Task directions →
When you reach the line containing "Las estrellas y", start transcribing exactly and continue through the last line of the data, skipping every picture.

Collected material →

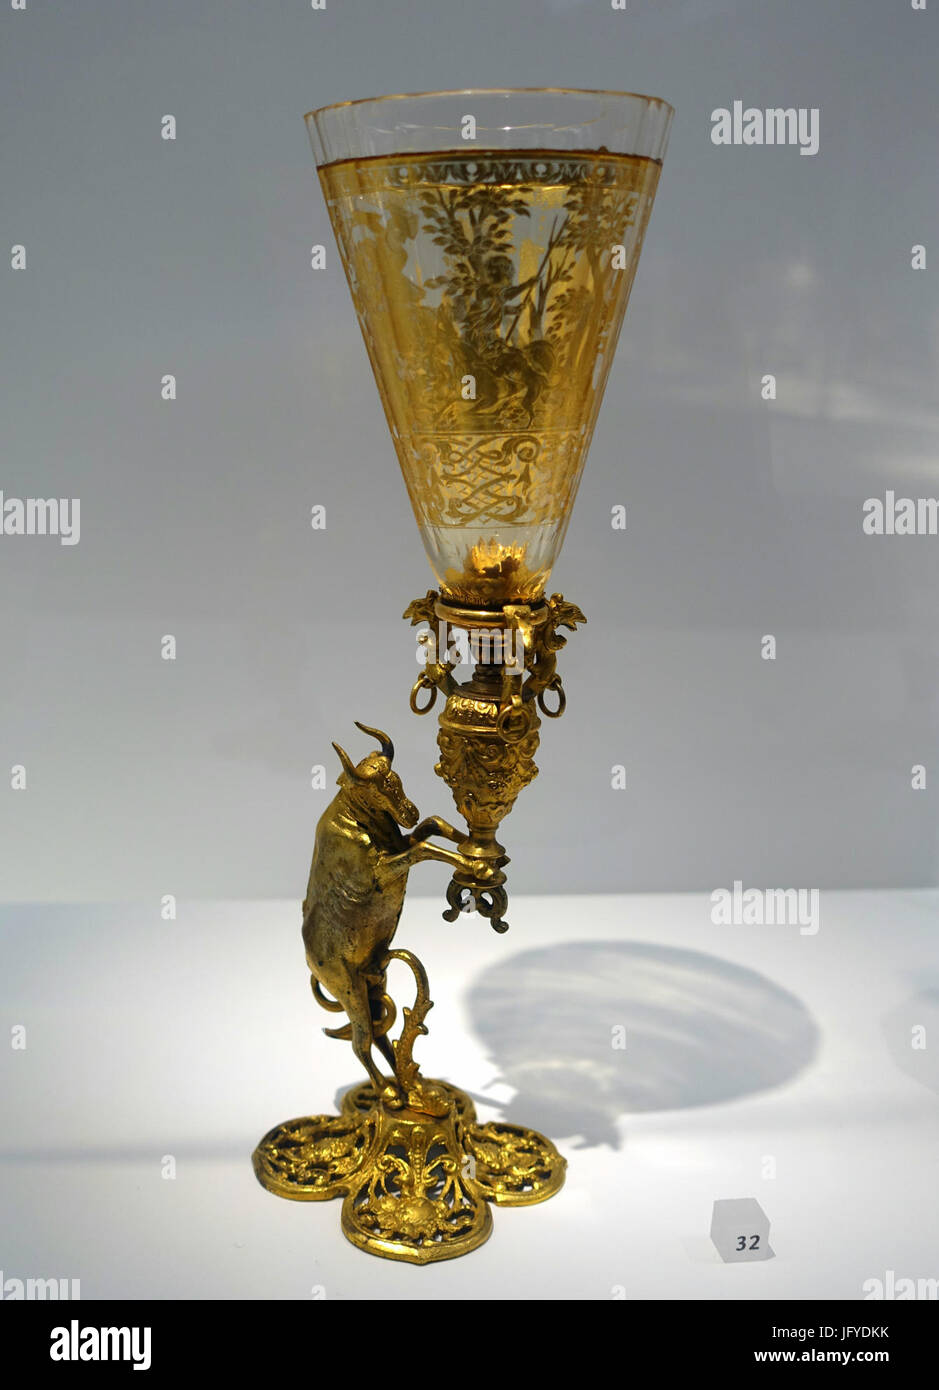 Pokal mit Jagdszene, vergoldete 1725-1750 n. Chr., mit Ochsen Griff, 17. oder 19. Jahrhundert, Bohemia, Glas mit Golddekor, Bronze - Landesmuseum Württemberg - Stuttgart, Deutschland - DSC03373 Stockfoto
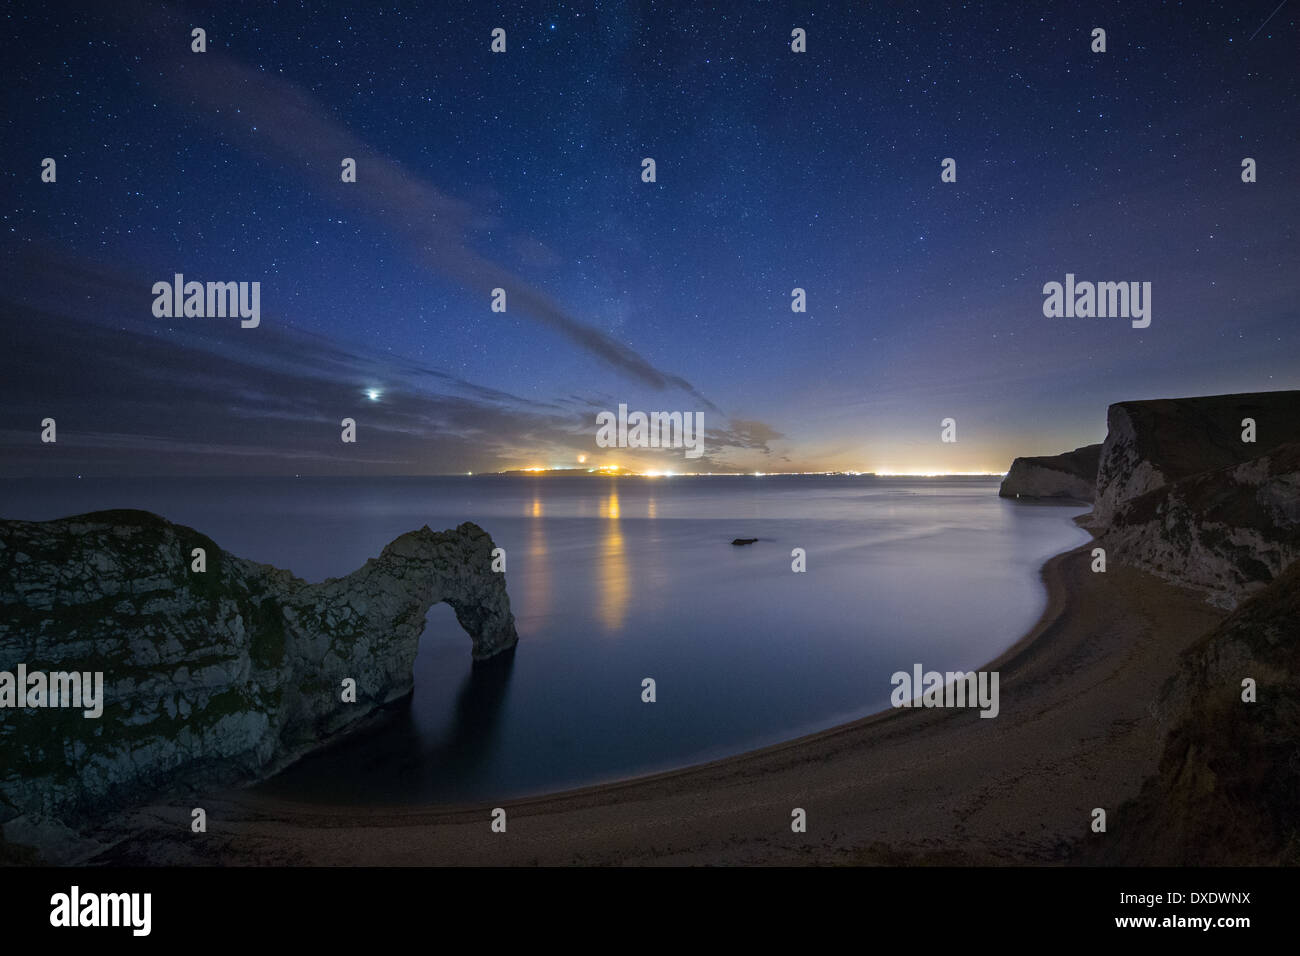 Las estrellas y la Vía Láctea más Durdle Door y la Costa Jurásica, con luces de Weymouth & Portland más allá, Dorset, Inglaterra Foto de stock
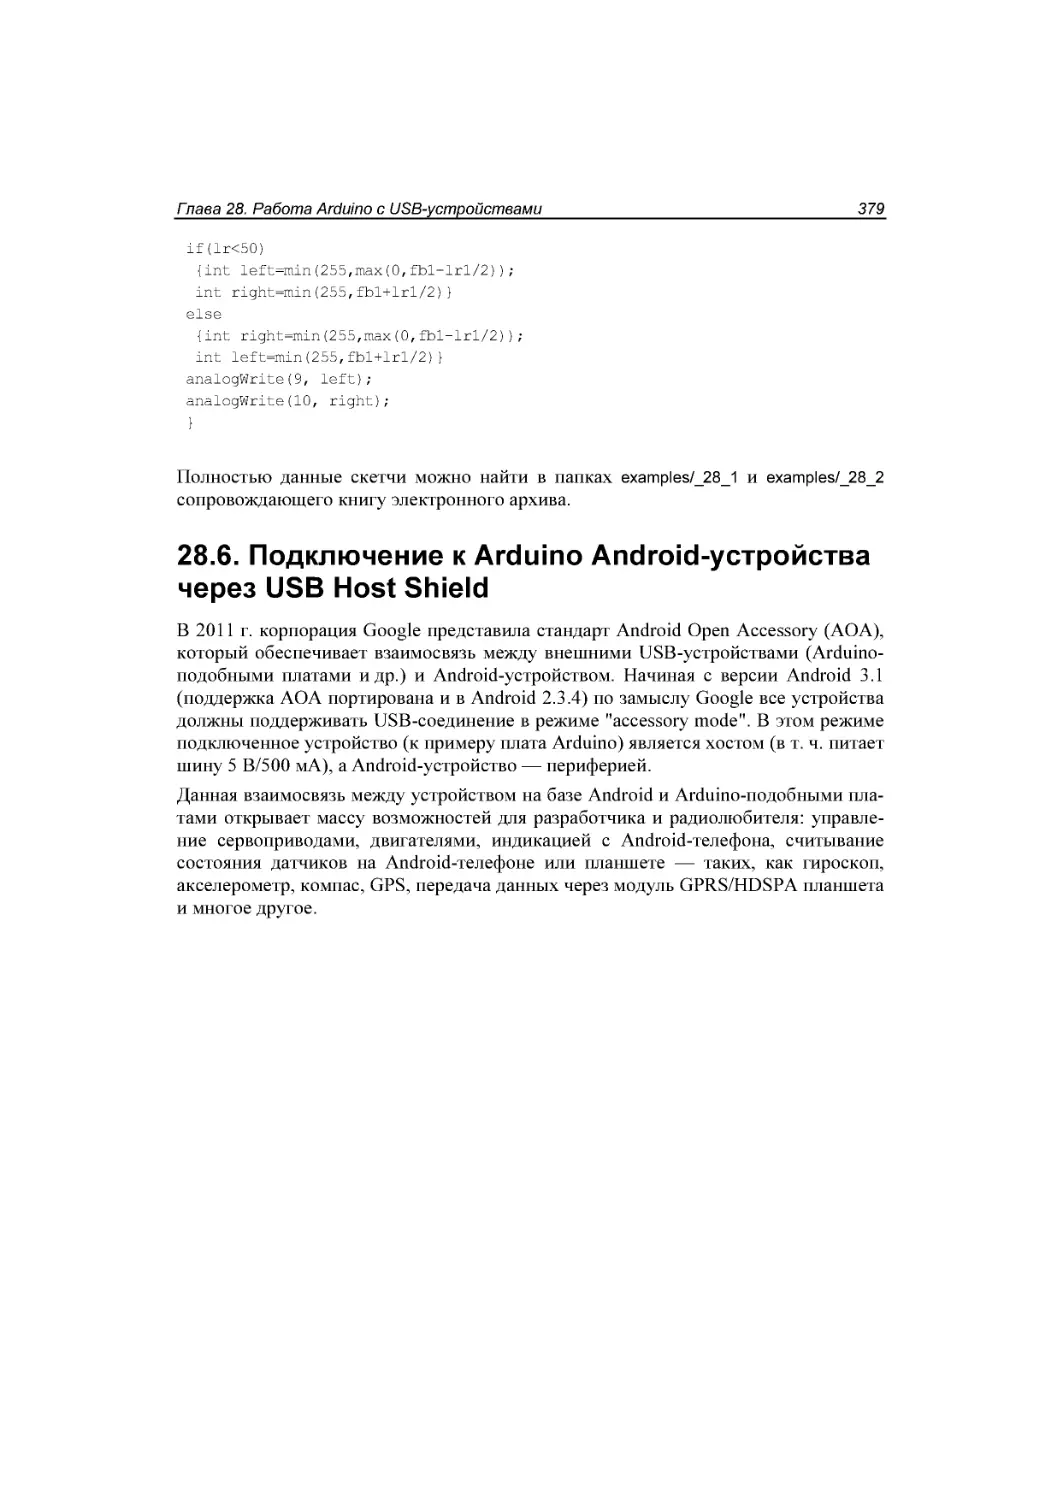 ﻿28.6. Подключение к Arduino Android-устройства через USB Host Shield
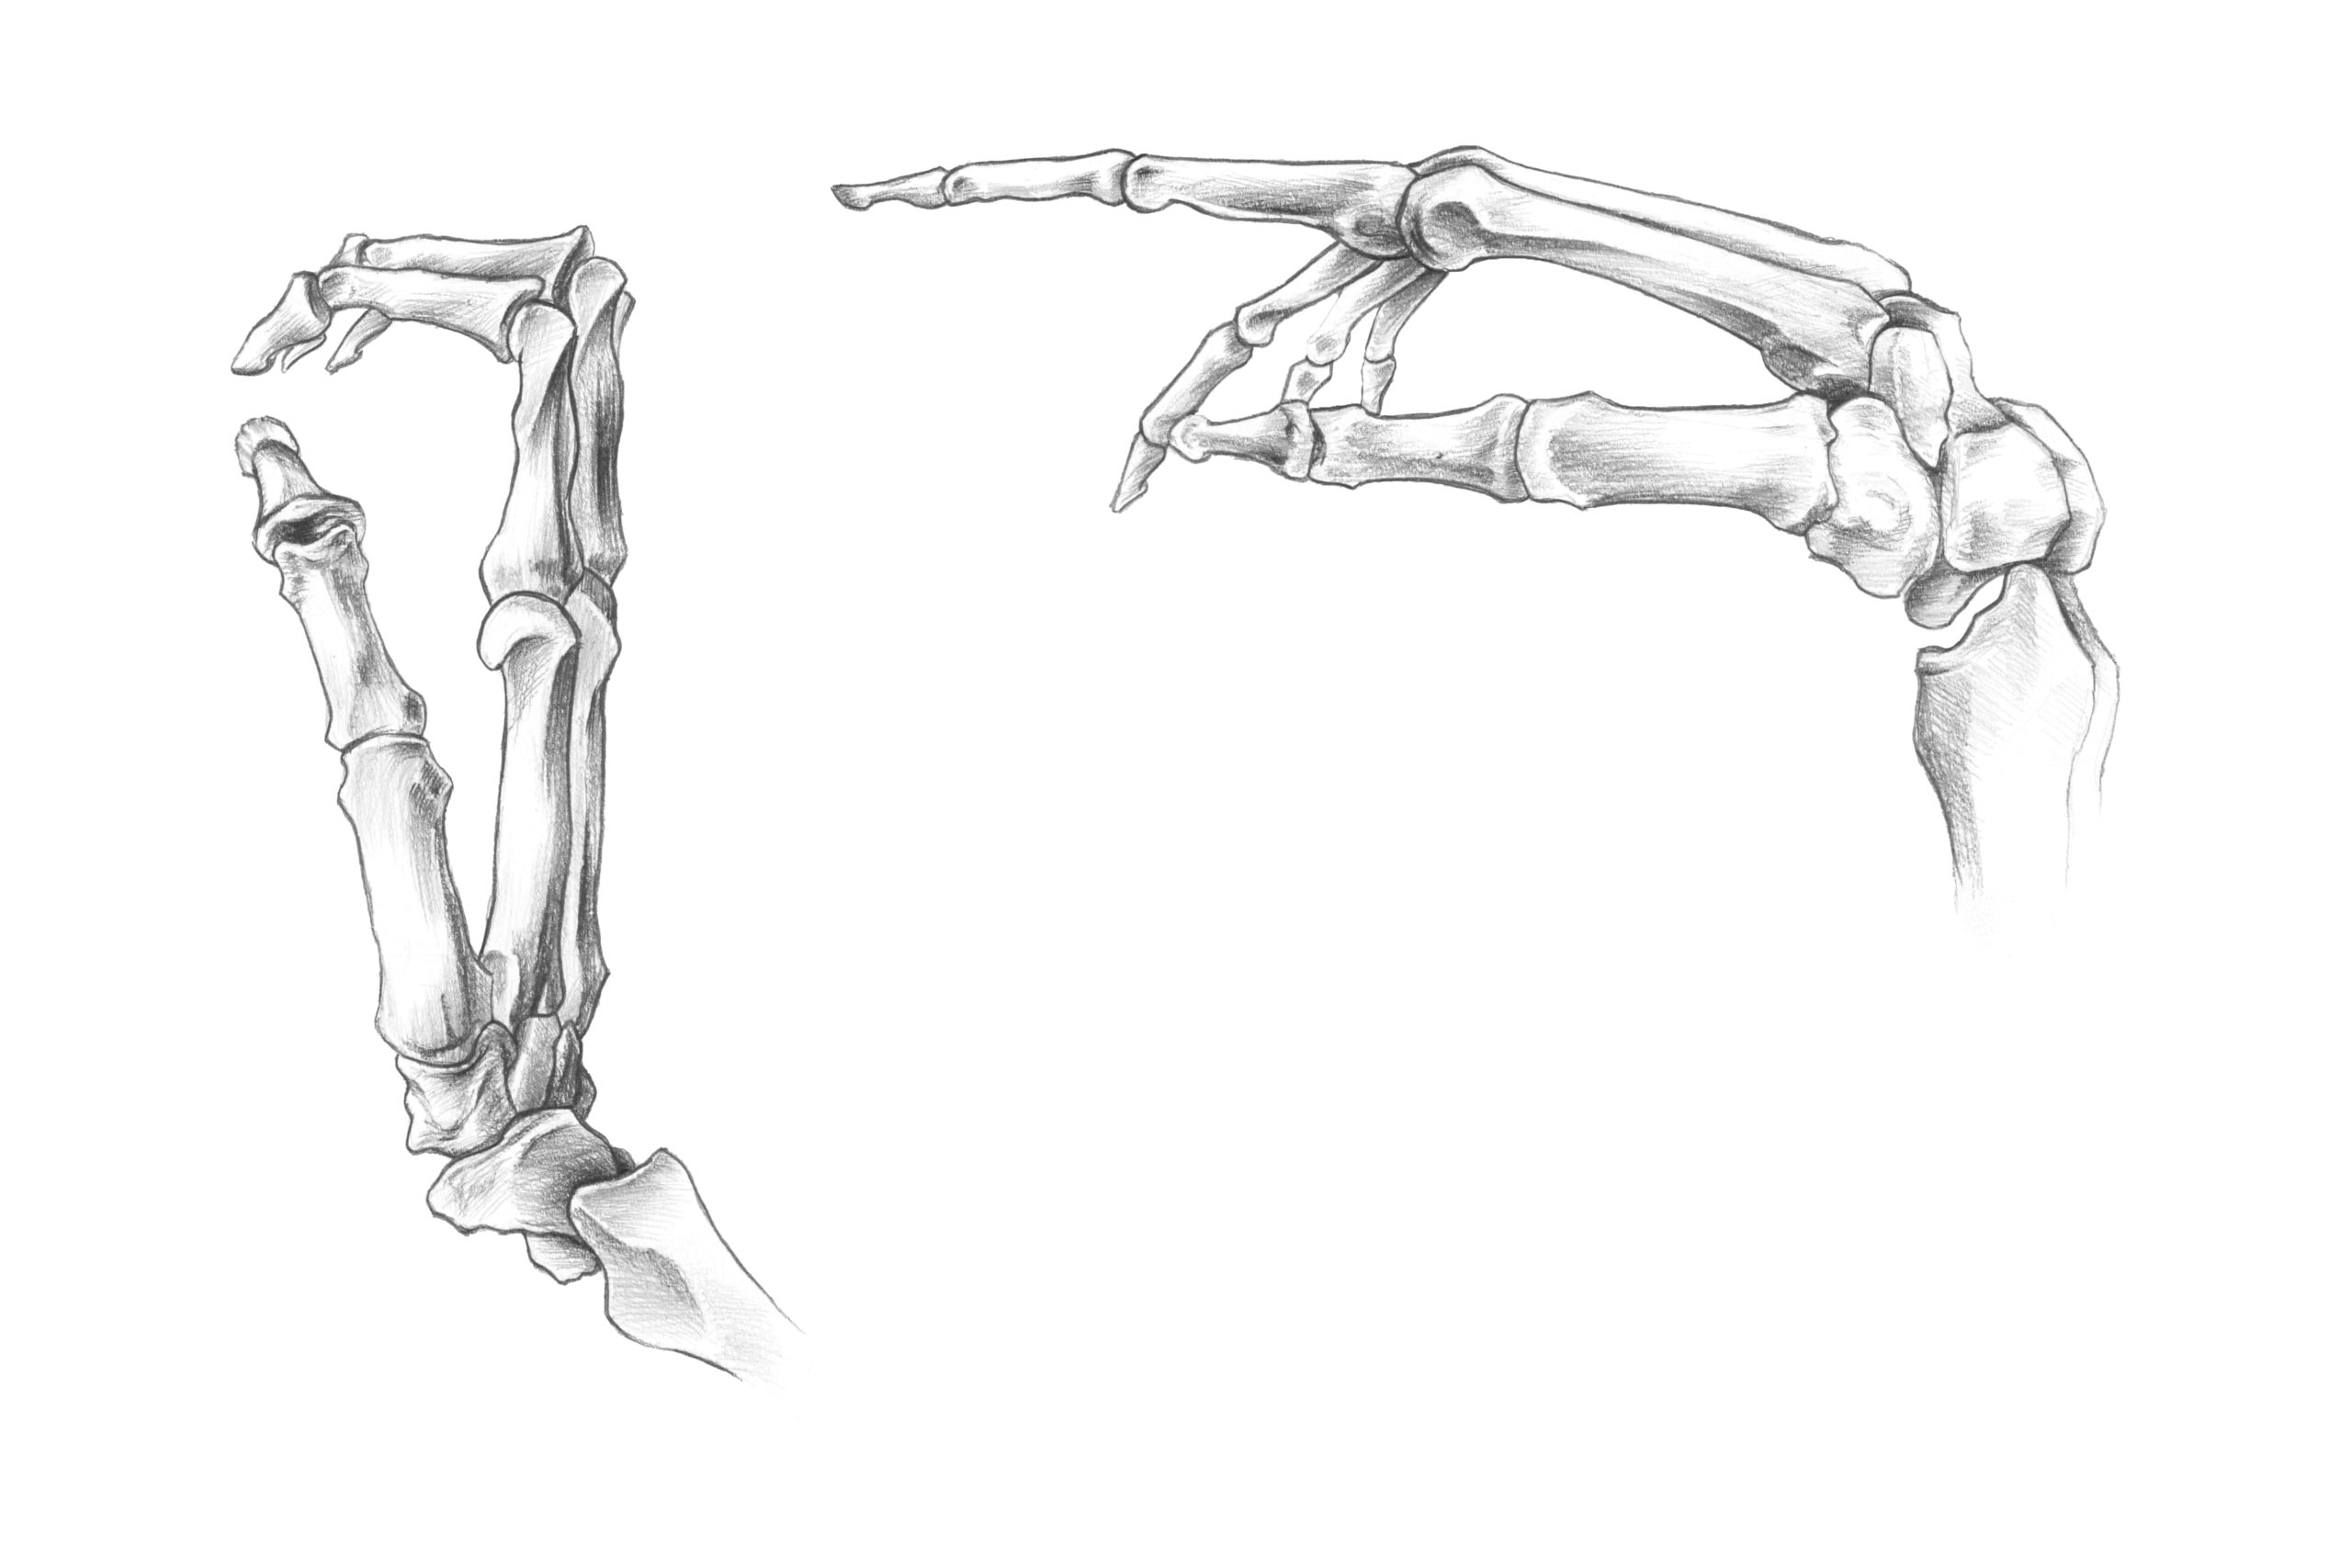 解剖学 手骨 手の骨 の構造を知っておこう スケッチ ナツヲカケル 兼業クリエイター雑記

Output for this exercise →
 Las estrellas y la Vía Láctea más Durdle Door y la Costa Jurásica, con luces de Weymouth & Portland más allá, Dorset, Inglaterra Foto de stock
 ﻿28.6. Подключение к Arduino Android-устройства через USB Host Shield
 解剖学 手骨 手の骨 の構造を知っておこう スケッチ ナツヲカケル 兼業クリエイター雑記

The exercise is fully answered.